本原稿はフィクションです。実在のものと同一の、企業名、ブランド名、地名、人名などが登場しますが、実在のものとは直接何の関係もありません。


「聡一郎、明日から身体空いてるか? 1泊2日で秋田だ」
 安田和明編集長が、パソコンから顔を上げずに叫んだ。結構な大声を出したのだが、それが目立たないくらい、部屋の中はざわついている。
 呼ばれた鈴木聡一郎は、「はーい、大丈夫でーす」とのんびりした声で答えた。
「お前、渓流、初めてだよな」
「渓流ですかあ。僕が好きなのは、京都の川床ですね」
「カワドコ? 京都にそんな釣り場あったか?」
「川と言えば、川床じゃないですか」
「カワドコ、カワドコ……もしかしてあれか? 鴨川とかの、川の流れの上に座敷を作って、飲み食いする、あれか?」
「そうですよお。鴨川は河原ですから、直接流れの上がいいなら、貴船とかがいいと思いますけど」
「そういうことを言っているんじゃない! 俺が言っているのは、渓流の釣りだ。渓流の釣りの取材だ!」
「釣りですかあ」
 聡一郎との会話はいつも調子が狂う。会話はある程度予想された範囲内で交わされるのが普通だが、あいつの返事はいつも知らぬ方向へ飛んでいき、いつしかあらぬ方向から自分の方へ向かって飛んでくる。正直疲れる。
「渓流取材だ。2日間、川を歩くことになる。ウェーダー持ってるか?」
「合うサイズがないので、特注で作ってもらったんですが、まだ受け取っていないんです。これから取りに行ってきてもいいですか?」
「ああ分かった、1時間やる」
 聡一郎は椅子から立ち上がった。
 でかい。身長は170センチほどだが、体重は120キロあるらしい。近くで見ると圧迫感というか、威圧感を感じる。肉の量といっても、格闘技で鍛えたとか、学生時代ラグビーやってましたといった肉ではなく、ただの贅肉だ。
 安田は、毎日のように彼を見ているのだが、朝、その日初めて彼の姿が目に入ると、いつも巨大な動物をイメージする。とはいっても、ゾウやキリンのようにかわいい印象は皆無。無理やりたとえるなら、実際に見たことはないが恐竜だ。どしどし音を立てて歩き、巨大で、臭くて、何をするかわからない。意思疎通が普通に行えないところが恐竜だ。生態も鳴き声も不明。ゾウも臭いかもしれないが、ゾウの臭さは動物園などで体験したことがあるので、イメージできる。恐竜は分からないことが多すぎる。その得体の知れなさが、聡一郎のイメージに重なる。
 身にまとっている衣類は、ウェーダー同様、ほとんどがオーダーメイドだという。この日も、イタリアの高級ブランドのジーンズと、上質なコットンのボタンダウンシャツを着ていた。イタリアからデザイナーを呼び寄せて作らせたらしい。何でも彼の家族は、年に何度か国内外から気に入ったデザイナーを呼び寄せ、主婦がもやしのパックだのニラだのをポンポンと買い物かごに入れるかのように、手当たり次第に服を注文するのだそうだ。
 もちろん、高級服だからといって、すべての人を素晴らしく飾るわけではない。しかも、体重120キロの人間が相手ならかなり難しい。聡一郎は、へその上あたりでジーンズのベルトを締めている。こうなるとなおのこと難しい。

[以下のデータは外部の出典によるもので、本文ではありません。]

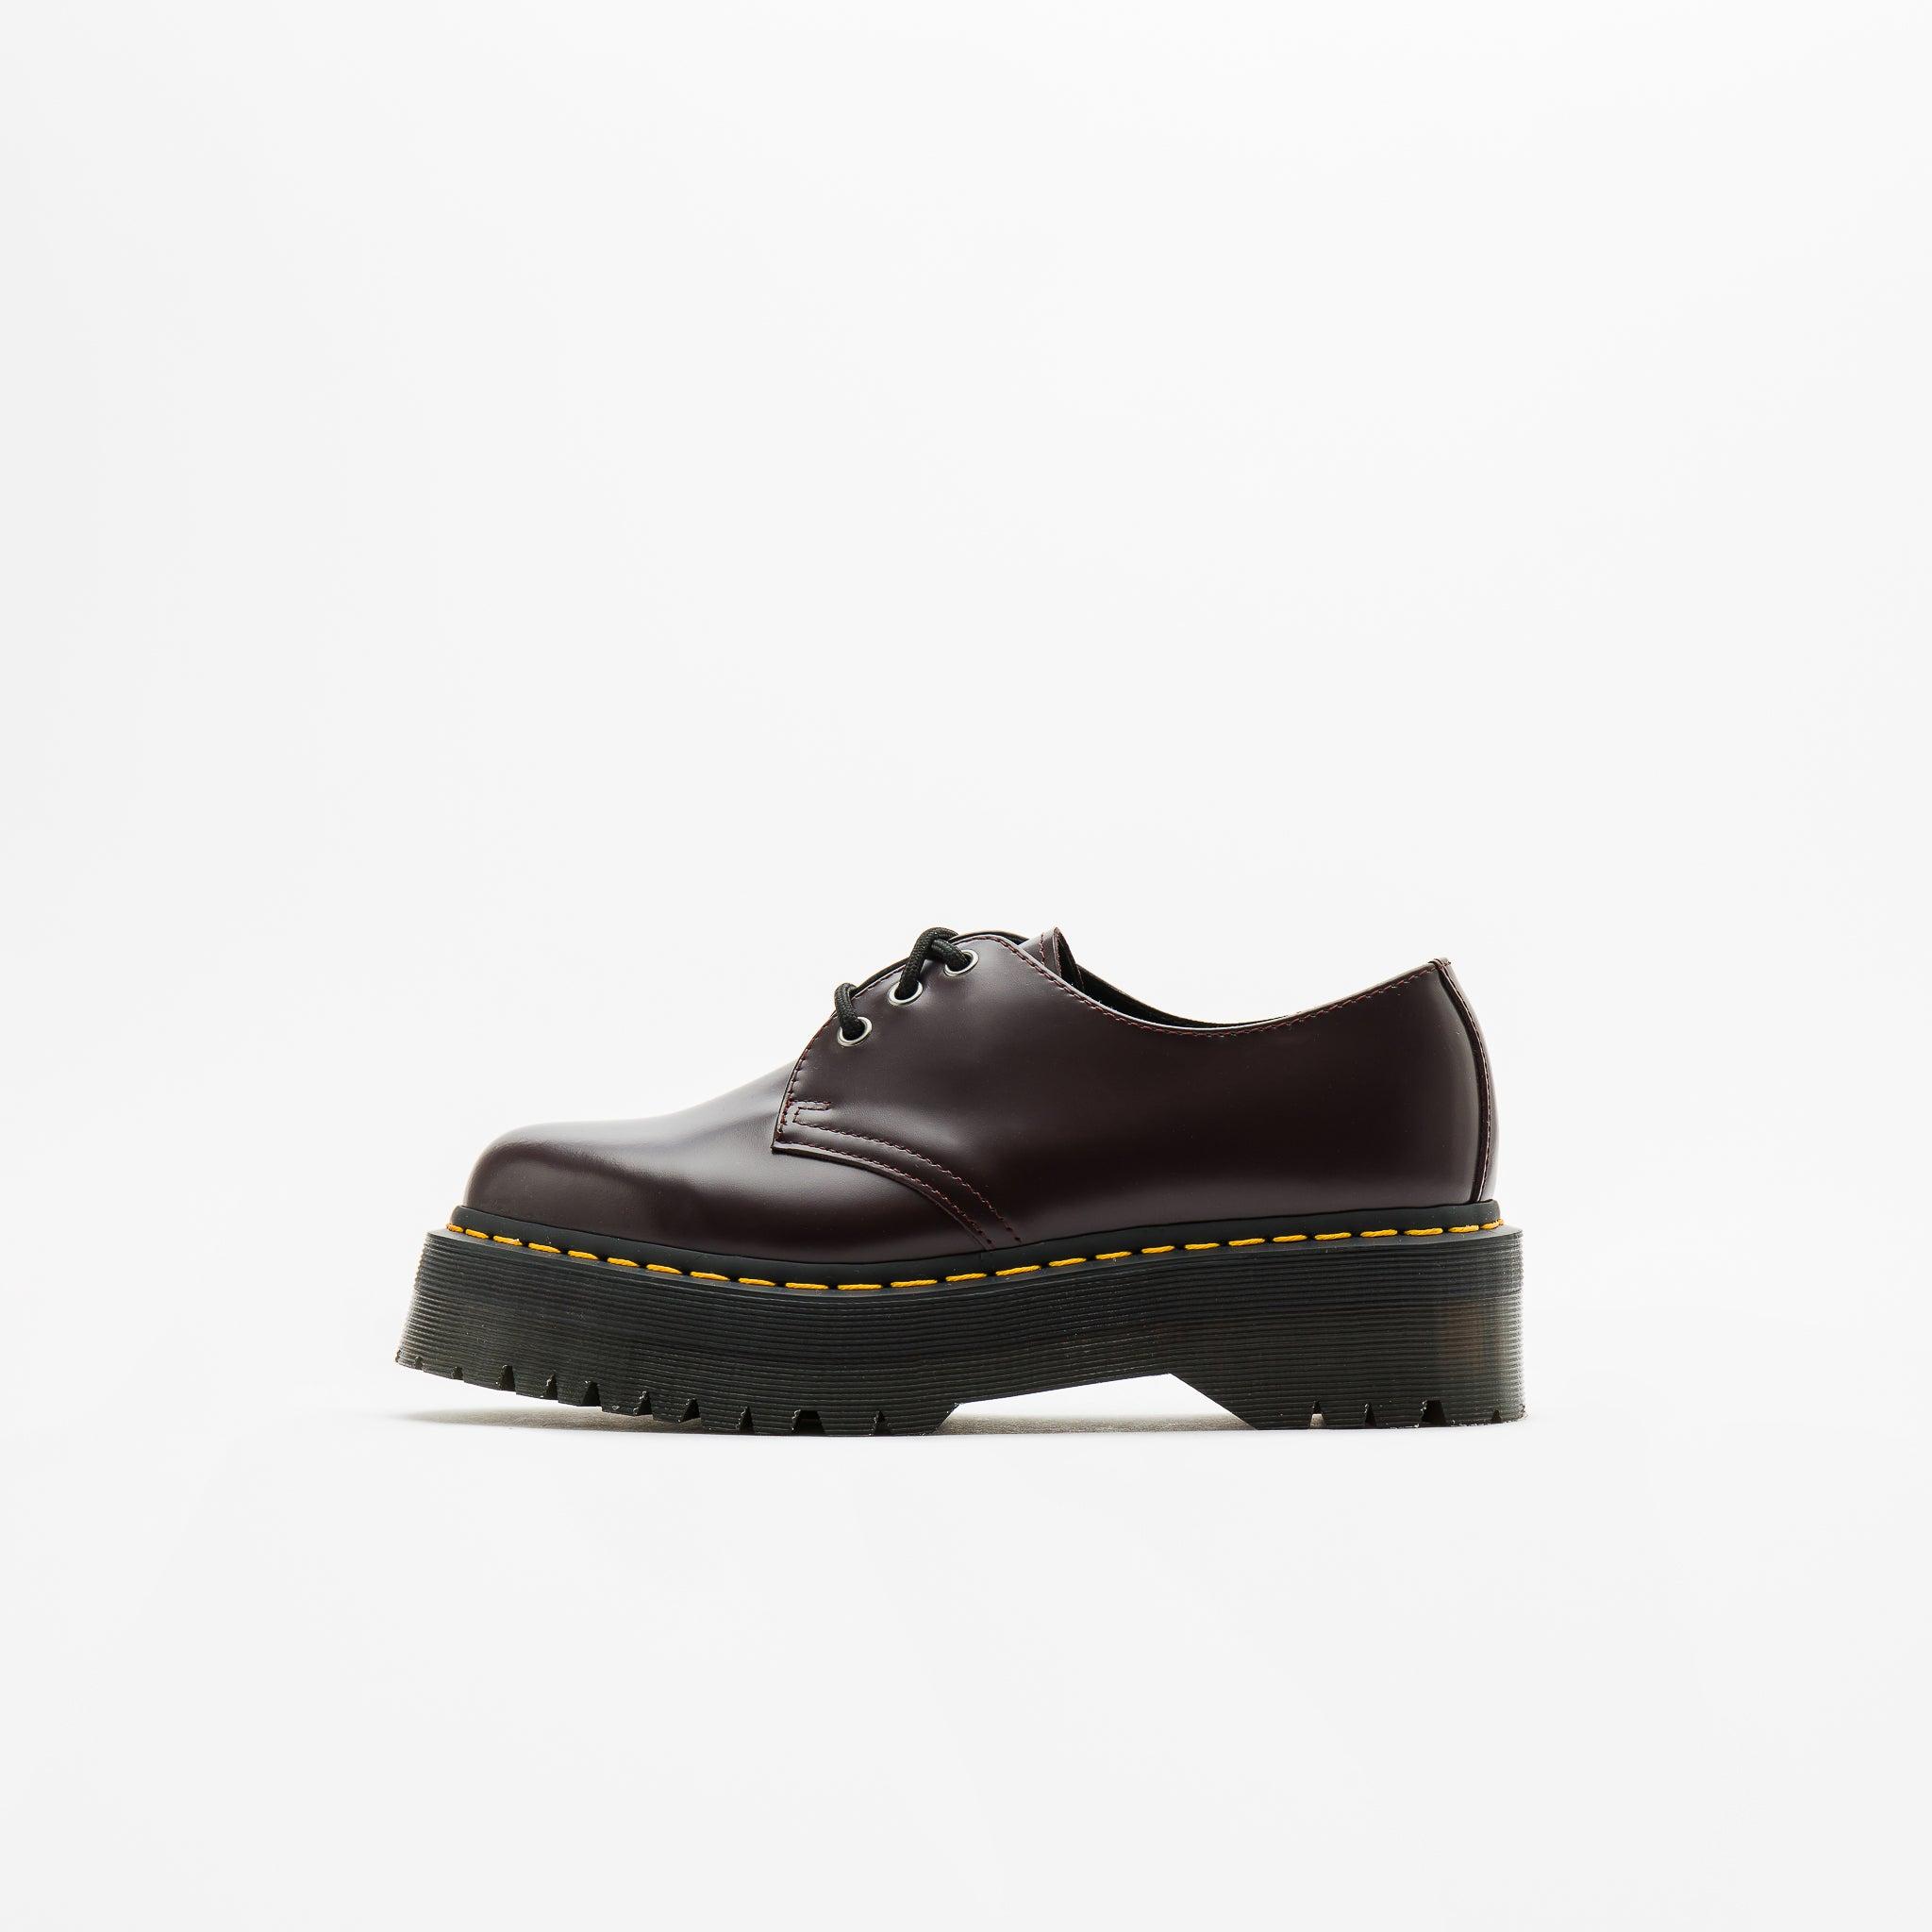 Dr. Martens 1461 Smooth Leather Quad Derby in Black | Lyst

 お抱えのデザイナーなら、恐竜に合うジーンズだって作れるのだろう。
 恐竜は、じゃない聡一郎は、「ではちょっと銀座に行って来ますね」と言って、どたどたと机の間を通り抜けようとして、隣の机の書類を引掛けて落とした。「あれれ」と素っ頓狂な声をあげて、書類をバサバサと重ね、再びどたどたと入り口ドアの向こうに消えた。
(銀座? 銀座に釣具店なんかあったかなあ)

 東京神田。大手出版社が持つ高層ビルの12階に、鈴木聡一郎が勤める釣り雑誌の編集部はある。雑誌名は「トラウト・マガジン」といい、川や湖にいるイワナやヤマメを、ルアーやフライという、つまりはエサではない疑似餌で狙う人たちのための雑誌だ。

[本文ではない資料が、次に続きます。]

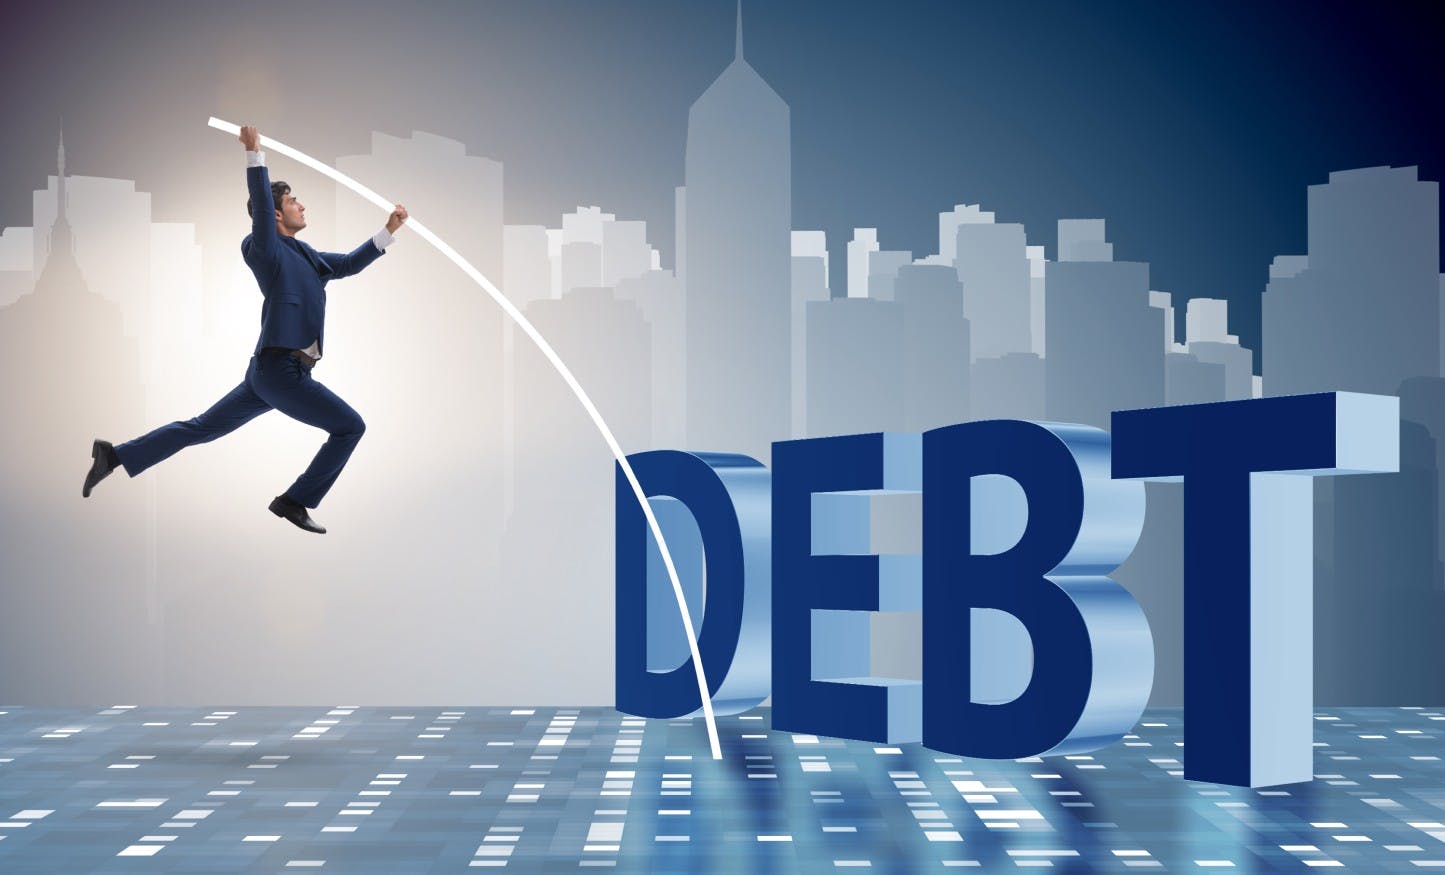 Debt Relief: Should You Resort to That?

 釣りという専門分野の中の、さらに狭い専門的な釣りを紹介する雑誌なので、発行部数は決して多くなく、同じ会社で出版する一般女性誌の20分の1にも満たない。
 安田は、2年前にこの雑誌の編集長に就任した。新入社員のころは文芸系の編集部に配属になったのだが、7年前に「トラウト・マガジン」に異動になり、副編集長を経て現在に至る。前任の編集長は、2年前にこの職場を去った。詳細は不明なのだが、風のうわさでは上層部の誰かの意に添わず、退職を余儀なくされたということらしい。

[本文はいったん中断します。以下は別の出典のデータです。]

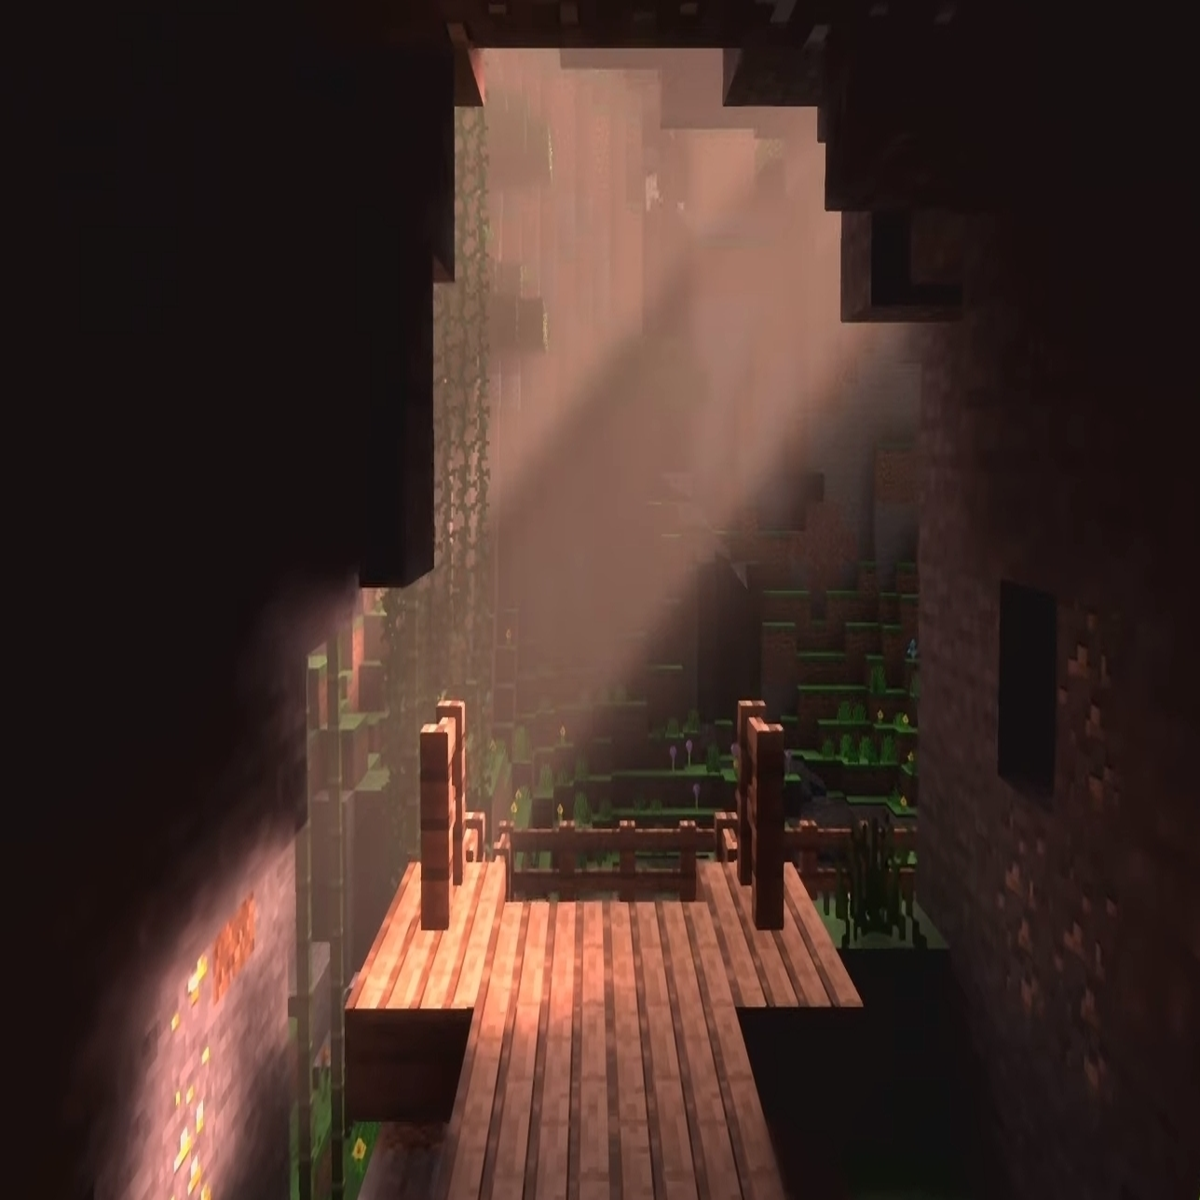 Experiencing Minecraft RTX: A Whole New Ray-Traced World

 酔うと、「安田、小さい編集部でも編集長はいいぞ。思い通りにできる」というのが前編集長の口癖だった。しかし、いざ編集長になってみると、編集局長だの営業部長だのクライアントだのの力が強く、雑誌の編集内容を自分の思い通りにすることなどできず、なんだよ話が違うじゃないかと、編集会議のたびに安田は思っている。
 同じフロアには、3つの編集部が同居しているが、「トラウト・マガジン」の占めるスペースは最も小さい。編集部員は5人で、聡一郎が最も若く経歴が短い。同じフロア内に、鈴木という姓の社員が他に2名いることから、聡一郎は下の名前で呼ばれている。
 聡一郎について安田が知っていることは少ない。見たとおり、太りすぎであること。性格はのんびりしていること。のんびりしているくせに落ち着きがなく、歩くと周囲のものにぶつかったり、何かを落としたりすることぐらいだ。あとそれから、好きなアイドルはAKBのタカミナで、好きな食べ物はカレーライスとハンバーグ、汗っかきで歩くのがいやで、地下鉄の出口から打ち合わせ場所までの100mをタクシーに乗ったことがあること、オタク体型のくせにゲームはやったことがなく、ウィニングイレブンをやるくらいならスペインまでサッカー観戦に行った方がいいと、よく分からない比較をして周囲を困らせていることなどだ。